Im Vergleich zum schneidigen Politprofi Strobl ist Guido Wolf – dicke Brille, breites Schwäbisch – ein exzentrischer Kauz. Seine Passion sind seit der Jugend Tiere aller Art. Sein Cockerspaniel Sissi, zwischenzeitlich 70 Hasen oder Anke, die Fuchsstute. Sein Vater hat sie ihm ersteigert, und Guido Wolf ritt am Blutfreitag darauf, der Tag, an dem in seiner katholischen Heimatstadt Weingarten alljährlich des heiligen Blutes Christi gedacht wird.

Zwischen Reim und Wolfswortwitzen
 

Seine Mutter, Tochter eines Agrarministers, riet Wolf von öffentlichen Ämtern früh ab: „Kannsch alles machen, außer Politik.“ Aber als er als Jurastudent erlebte, wie linke Aktivisten Ministerpräsident Lothar Späth aus dem Hörsaal jagten, trat er in die CDU ein.

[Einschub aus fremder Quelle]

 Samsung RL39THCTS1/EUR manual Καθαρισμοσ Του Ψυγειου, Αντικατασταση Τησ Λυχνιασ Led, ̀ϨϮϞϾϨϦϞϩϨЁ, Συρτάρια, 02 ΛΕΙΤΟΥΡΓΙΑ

Die Aktenlast seines Aufstiegs – Verwaltungsdienst, Büroleiter im Verkehrsministerium, Landrat – kompensiert er mit öffentlichem Schabernack: Wortspiele mit seinem Namenstier, dem Wolf. Oder Darbietungen auf seinem Lieblingsinstrument, dem Xylofon, auf dem er gern eine Hochgeschwindigkeitspolka mit Namen „Zirkus Renz“ klöppelt. Vor allem aber reimt Wolf: Seit dem Debüt bei der Einweihung eines Wasserwerks („Druck den rota Knopf ganz schnell, s’sprudelt schon. Ihr höret’s, gell?“) verteilt er im Land Gedichtle, kritzelt sie kichernd in goldene Bücher von Waldkirch bis Ladenburg oder trägt sie vor, mit geneigtem Kopf und verzücktem Lächeln.

Was immer seinen Hang zum Scherzle motiviert, Gefallsucht ist es eher nicht. Aus der Nähe strahlt er eine große innere Ruhe aus. Wenn Wolf zuhört, guckt er den Leuten ins Gesicht und sagt manchmal minutenlang gar nichts.

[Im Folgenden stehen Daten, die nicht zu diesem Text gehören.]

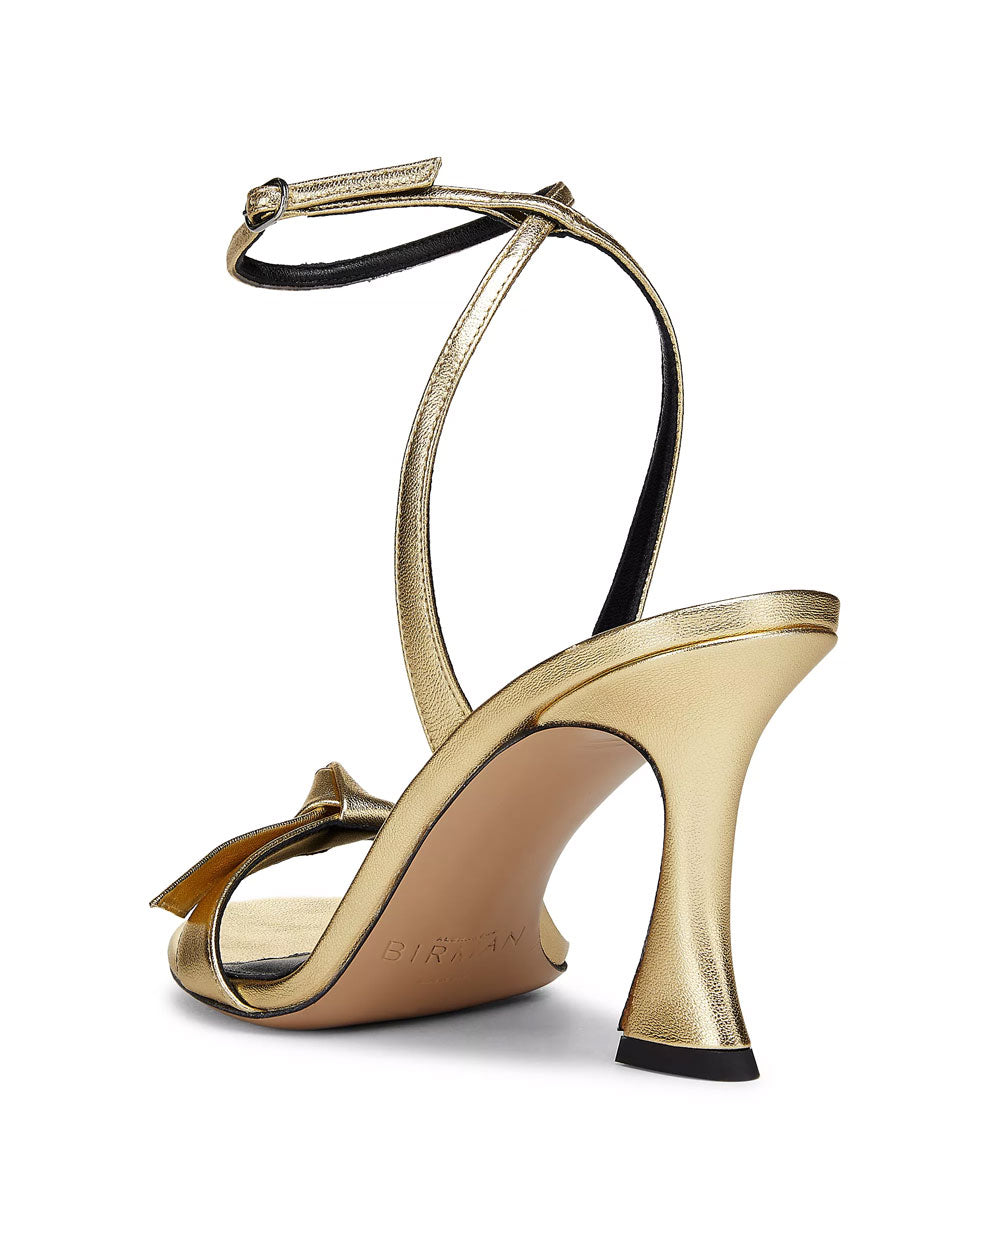 Clarita Bell 85mm Sandal in Golden

Vor willigem Publikum hört er zuweilen gar nicht auf mit den Wolfswortwitzen, aber er weiß auch, wann das deplatziert wäre. In Kälberbronn im Schwarzwald steht er vor einem Wirt. 14 Jungbullen des Mannes sind eine Woche zuvor nach einem Kabelbrand im Stall verendet. Wolf hört zu, er spart sich Floskeln. „Traurige Angelegenheit“, sagt er.

Hühnchen am Sonntag
 

Er saß gerade mal fünf Jahre im Landtag, als nach der Mappus-Malaise auch der Parlamentspräsident abtreten musste. Wolf ergriff die Chance. Seit seiner Wahl zum Landtagspräsidenten ist er durchs Land getourt. Er war nicht nur gern gesehen, weil er der letzte CDU-Landespolitiker mit einem anständigen Titel war, sondern weil er unterhalten konnte. So hat er sich eine solide Fanbasis erarbeitet. Wofür Wolf politisch steht, was seine Themen sind, ist noch schwer einzuschätzen. Er ist zwar rhetorisch begabter als Strobl, hat allerdings bisher das Ländle beim Versuch, sich als Kandidat mit Kante zu profilieren, eher verschreckt, beispielsweise mit der Ankündigung, als Ministerpräsident das Bildungssystem umkrempeln zu wollen.

Strobl spielt zwar in der politischen Bundesliga, aber im Gegensatz zu ihm hat Wolf als Landrat schon mal eine Verwaltung geführt. Viele Landtagsabgeordnete setzen auf ihn, weil sie fürchten, Strobl könnte als Wahlsieger Ministerposten vor allem an Leute aus dem Bundestag vergeben. Aber am Ende entscheiden nicht Parlamentarier und Funktionäre, sondern die Mitglieder. Um sie zu begeistern, beklettert Wolf Hochseilgärten oder bewandert ohne Schuhe frierend einen Barfußpfad.

Durchs Land zu touren und für sein Essen zu singen, er kennt das. In seiner Kindheit machte die Familie Hausmusik, Guido an der Klarinette, und zog als „Familie Wolf“ durch Baden-Württemberg, spielte in Altenheimen, auf Heimatabenden, auch im Regionalfernsehen. Familieninterne Belohnung fürs viele Proben: Hühnchen am Sonntag. Wolf hat den Duft immer noch in der Nase, sagt er, und schließt die Augen.